PUBLICIDADE

Escola de mármore de Estremoz foi a mais importante do país

Luís Godinho texto | Gonçalo Figueiredo fotografia

No século XVI foram dezenas de pedreiros a trabalhar a pedra mármore à porta de suas casas, em Estremoz, sobretudo na freguesia de Santo André… uma verdadeira escola da qual “saíram” peças tão importantes como o monumental túmulo de D. Jorge de Melo, na igreja conventual de São Bernardo de Portalegre, ou a píxide do Chafariz das Portas de Moura, em Évora.

Autor da tese de doutoramento “Escultura ao romano no Alentejo do Mármore, 1521-1547”, desenvolvida na Faculdade de Letras da Universidade de Coimbra, Francisco Bilou defende a existência, em Estremoz, de uma “escola de cantaria artística” que funcionou durante todo o século XVI e de onde saíram algumas das mais notáveis peças da “escultura arquitetónica” do Alentejo.

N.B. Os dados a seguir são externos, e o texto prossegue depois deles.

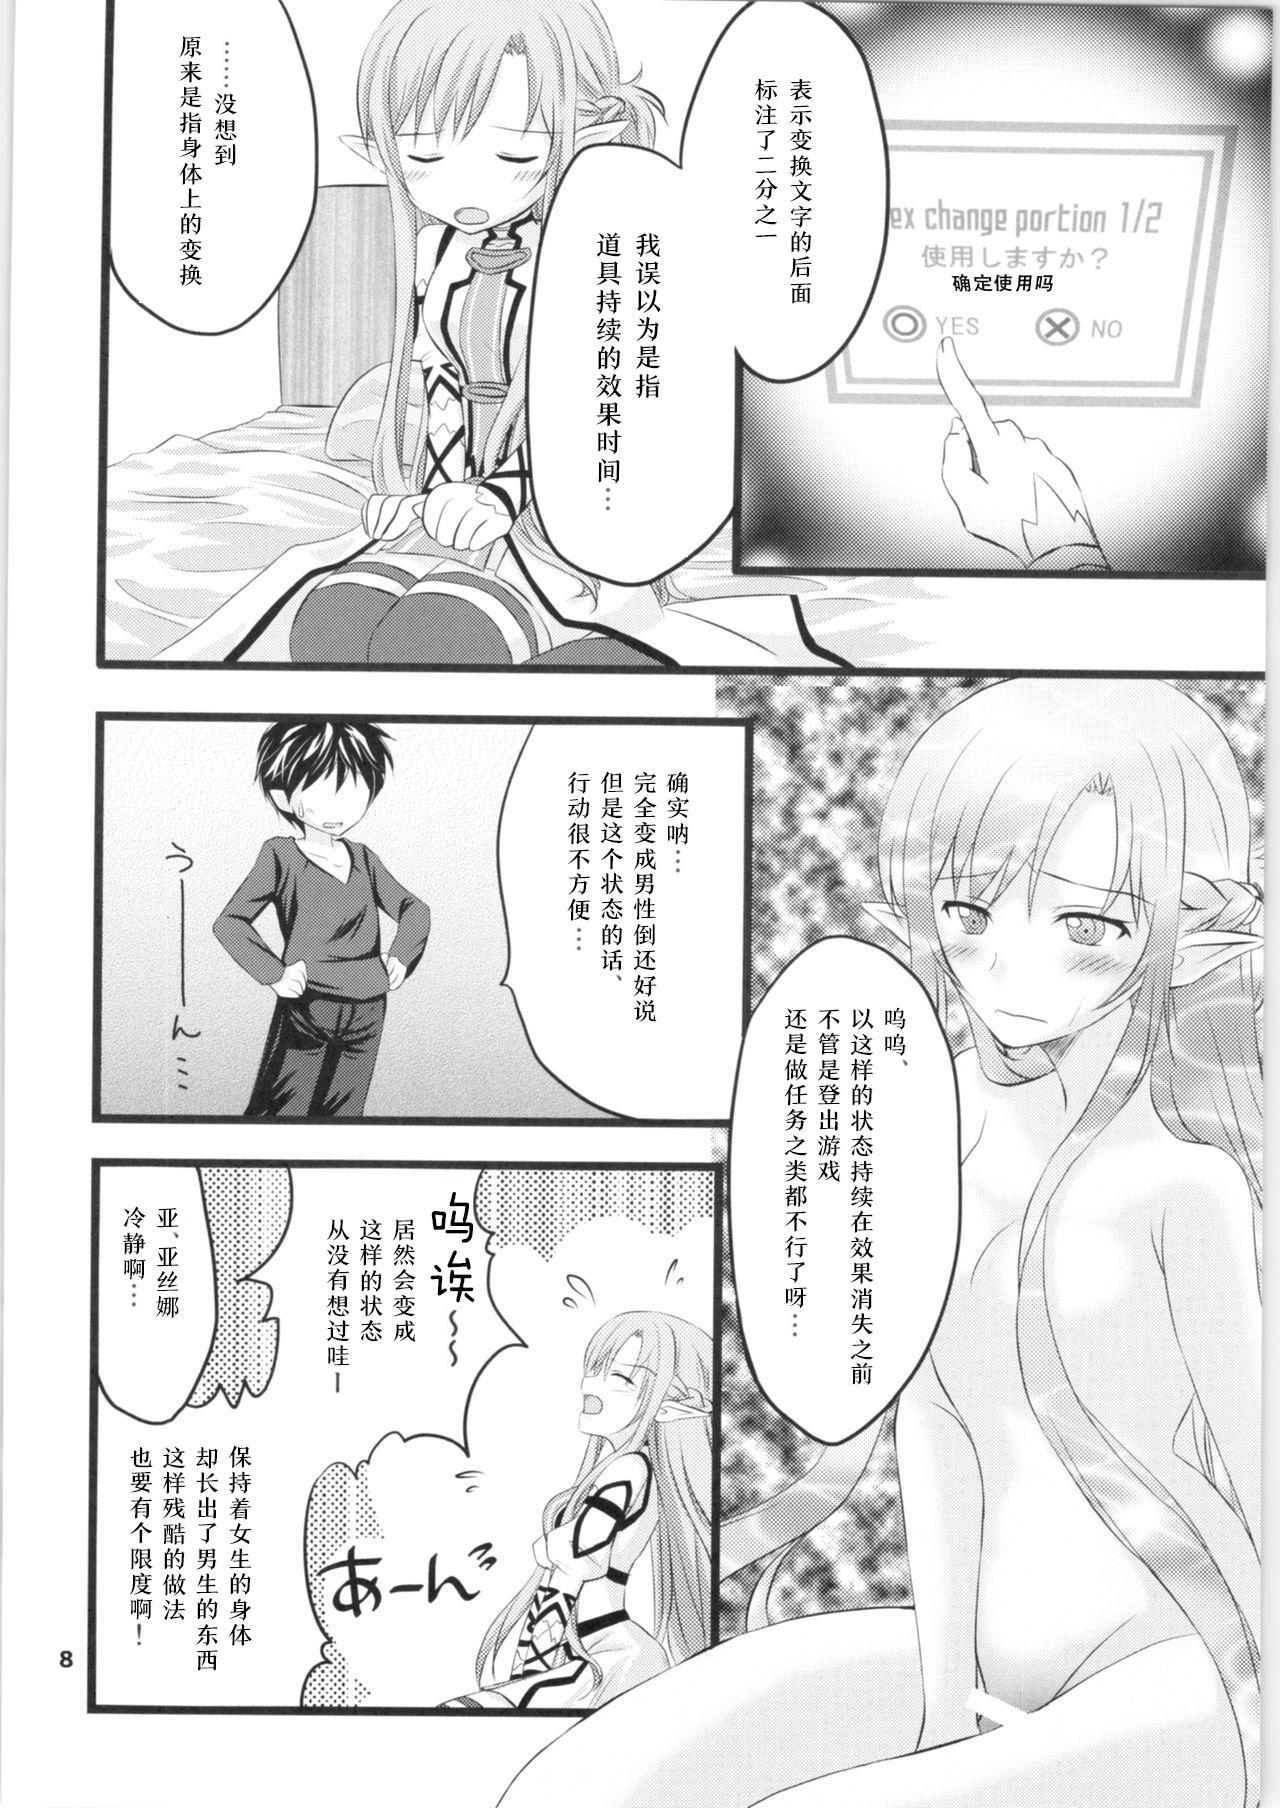 Kiriko-chan to Asobou! 2 6

“Toda a dinâmica artística na transformação do mármore está concentrada, ao contrário do que até aqui se julgava, na própria pedreira de mármore e na sua capacidade criadora, como espaço de saber e aprendizagem. Na verdade, uma verdadeira escola de cantaria artística a que muito deve o melhor património artístico alentejano”, defende o historiador, em entrevista exclusiva.

Em que medida podemos falar na existência de uma escola de cantaria na cidade de Estremoz no século XVI? E que tipo de “escola” era?

No contexto da prática escultórica do Renascimento, optamos pela designação de “escola” por encontrarmos em Estremoz duas importantes realidades complementares – um apreciável número de oficiais em atividade e uma documentada transmissão de saberes entre mestres e aprendizes. Não era uma escola formal, mas um espaço continuado de partilha de conhecimentos (saberes e técnicas, em especial) em torno da exploração artística do mármore, extraído das bancadas locais desde a época romana. 

Trata-se de um dado novo?

Sim. Esta constatação, que resulta também da leitura de dois raríssimos livros de “ementas” camarárias datados no intervalo de 1554 a 1560. Estes dois manuscritos dão-nos uma visão de algo inédito no país e de extrema importância para a História da Arte portuguesa, em particular o modo como se fundamentou o surto de obras renascentistas no “Alentejo do mármore”, designação nossa que corresponde sensivelmente aos atuais distritos de Évora e Portalegre.  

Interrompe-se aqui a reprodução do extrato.